Importantly, the verse speaks in a past-oriented future: it asserts as already accomplished ("they did not thirst") what lies ahead, a rhetorical device of prophetic certainty. The salvation is so sure that it can be announced in completed terms. This typological layering—Egypt behind, Babylon present, something yet beyond even that before—establishes the literary and theological architecture of the passage.
Catholic tradition reads Isaiah 48:20–21 along multiple senses simultaneously, in accordance with the fourfold sense of Scripture affirmed by the Catechism of the Catholic Church (CCC 115–119).
The Literal-Historical Sense concerns the imminent release of the Babylonian captives under the decree of Cyrus (cf. Isa 45:1), which occurred in 538 B.C. The Church has never abandoned the historical rootedness of divine revelation.
The Typological Sense is richest here. St. Paul draws the water-from-the-rock image directly into Christological interpretation: "the rock was Christ" (1 Cor 10:4). The rock that provided water in the desert prefigures Christ himself, the source of living water. St. Cyril of Alexandria, commenting on the Isaianic new exodus passages, sees in them a preparation for the Gospel: the liberation from Babylon foreshadows liberation from sin and death accomplished by the Incarnate Word.
The Sacramental and Baptismal Sense is paramount for Catholic readers. The water flowing from the struck rock—identified by Paul with Christ—points forward to the water flowing from Christ's pierced side on the Cross (John 19:34), which patristic writers universally read as the origin of Baptism and the Eucharist. Tertullian (De Baptismo 9) and St. Ambrose (De Mysteriis 3.14) both invoke the water-from-the-rock typology to explain Christian initiation. The Catechism itself (CCC 694) cites the rock's water as a figure of the Holy Spirit given in Baptism.
The Eschatological Sense points to the final exodus of every soul through death into eternal life—the definitive "departure from Babylon"—fulfilled when the redeemed, having passed through every desert, drink from the spring of the water of life (Rev 22:17).

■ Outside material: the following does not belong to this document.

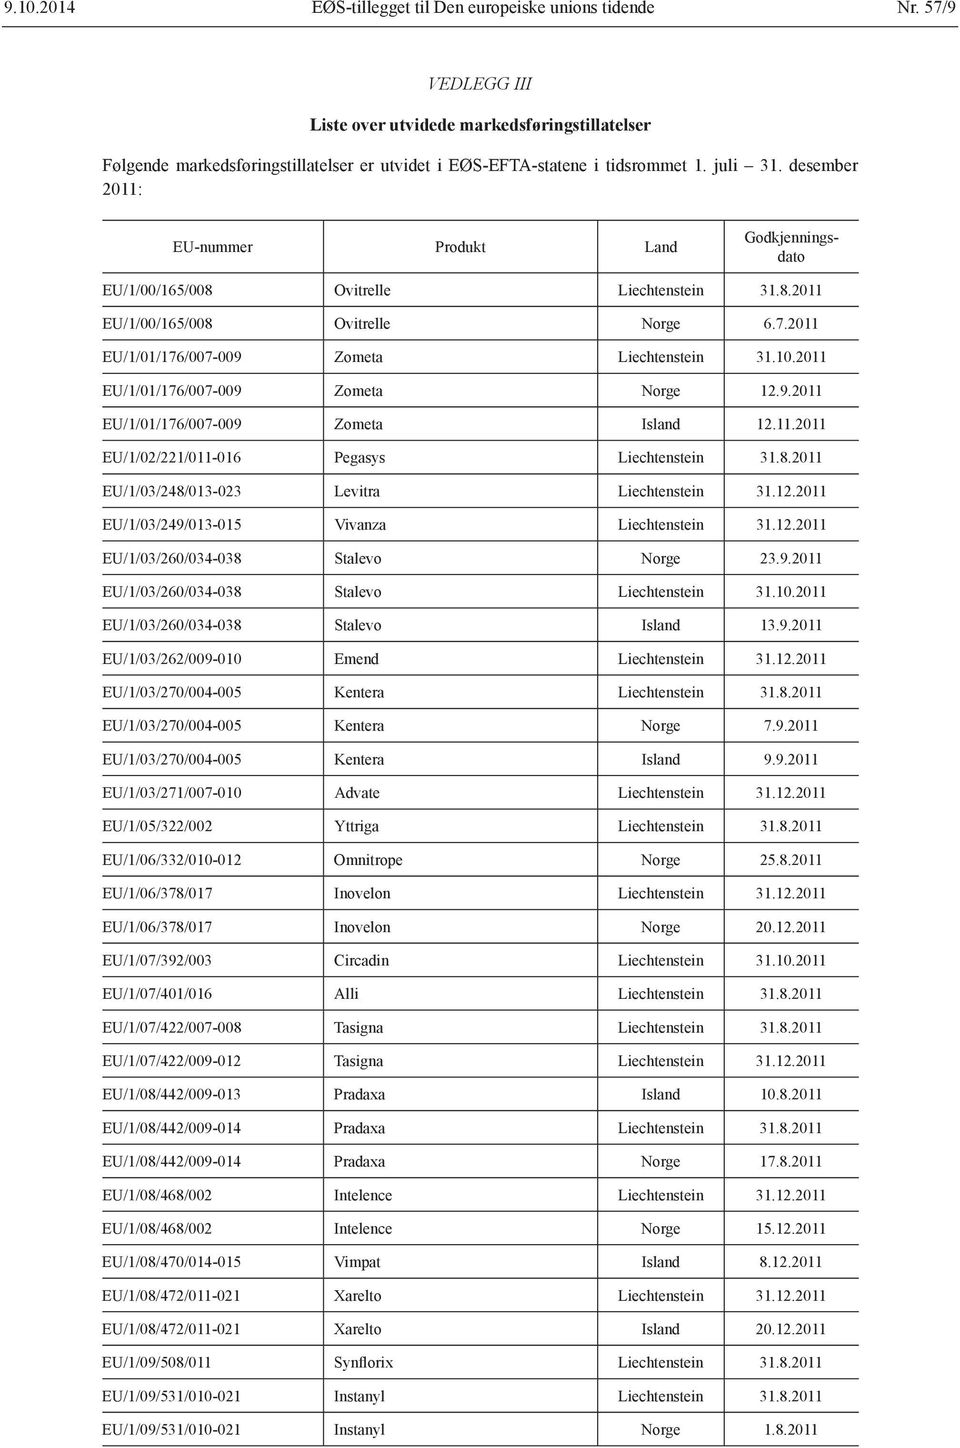 desember 2011: EU/1/00/165/008 Ovitrelle Liechtenstein 31.8.2011 EU/1/00/165/008 Ovitrelle Norge 6.7.2011 EU/1/01/176/007-009 Zometa Liechtenstein 31.10.2011 EU/1/01/176/007-009 Zometa Norge 12.9.2011 EU/1/01/176/007-009 Zometa Island 12.

The command "Leave Babylon!" confronts the contemporary Catholic with a searching question: from what forms of captivity is the Lord urging my departure today? "Babylon" in the modern world wears many faces—the captivity of consumerism, digital addiction, ideological conformity, habitual sin, the numbing comfort of spiritual mediocrity. The summons is always urgent and always personal.
Practically, this passage invites a concrete examination of conscience in the Ignatian mode: What attachments hold me in exile from the life God intends for me? The Council Fathers at Vatican II (Gaudium et Spes 37) acknowledged that humanity is "torn by multiple slaveries." Isaiah's imperative is not escapism; it is a call to freedom ordered toward proclamation—you leave so that you can "declare with a shout of joy" what God has done.
Verse 21 speaks to the Catholic who dreads the deserts that follow departure—the dryness after confession, the aridity in prayer, the stretch of life that feels waterless. The promise is not the absence of desert, but the companionship of the One who splits rocks and makes streams flow. Trust in divine providence is not a feeling; it is a posture of the will, sustained by the sacraments, that chooses to believe water will come even before it appears.